In 2017, New Zealand weightlifter Laurel Hubbard came out as transgender. Four years later, she competed in the Tokyo Olympics, where she was deemed to have a competitive advantage due to her genetically male gender. Hubbard met the guidelines set by the International Olympic Committee (IOC): Testosterone levels had been below the required limit for the previous 12 months.
The issue of transgender (or trans*identity) – identifying with a gender other than the one assigned at birth – is ubiquitous in today’s media, politics, and society. As in the case of Hubbard, a wide range of issues are being hotly debated: In which gender competition should trans people be allowed to compete in sports? Should they use women’s or men’s restrooms?

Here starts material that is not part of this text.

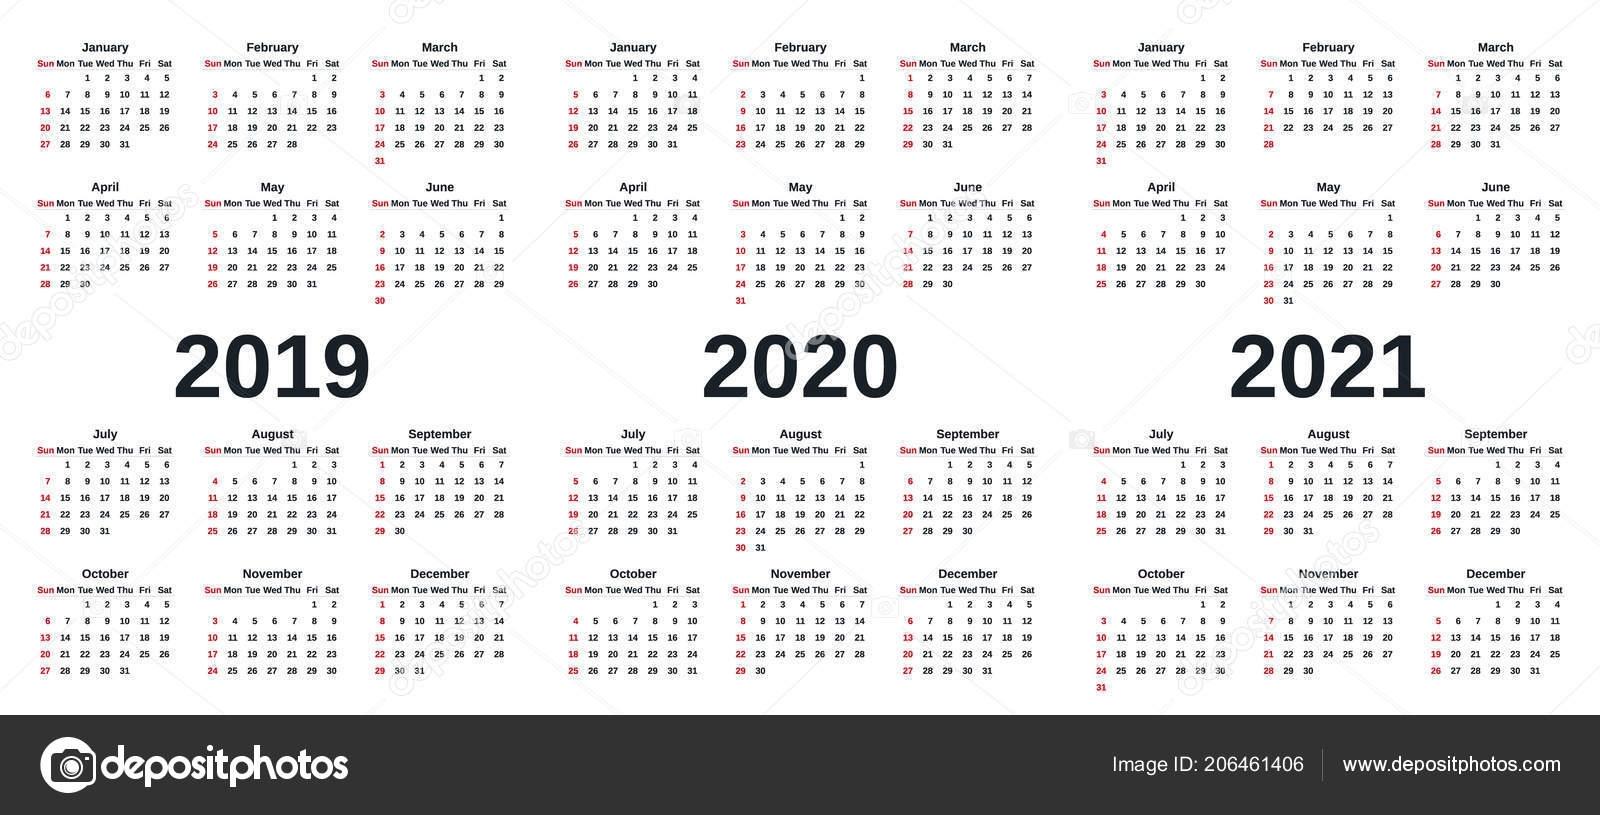 2019 2020 2021 Calendar Vector Graphics Week Starts Sunday Design for Calendar 2019 2020 2021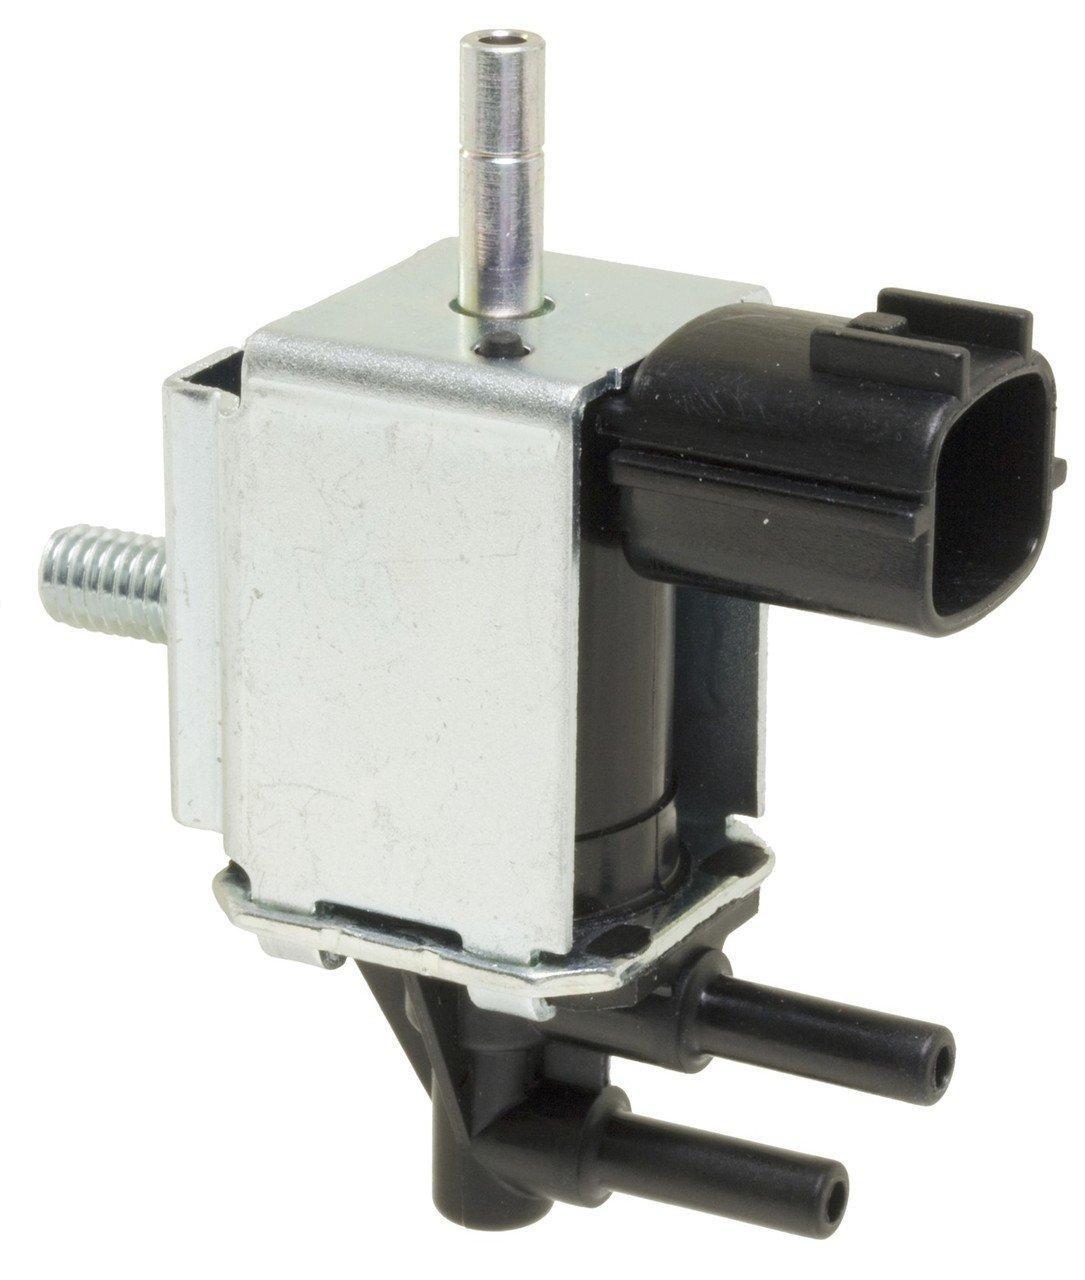 Airtex 2F1186 Exhaust Gas Recirculation Solenoid

And what pronouns should be used when talking about them?
As a neuroscientist, I am always asked the following question: Does the brain of someone who was assigned male at birth but identifies as female (or vice versa) have more masculine or more feminine characteristics? This is not an easy question to answer for several reasons. First, we would have to clarify what constitutes a male or female brain. For as we now know, the thought processes of the two sexes are much more similar to each other than has been assumed for a long time.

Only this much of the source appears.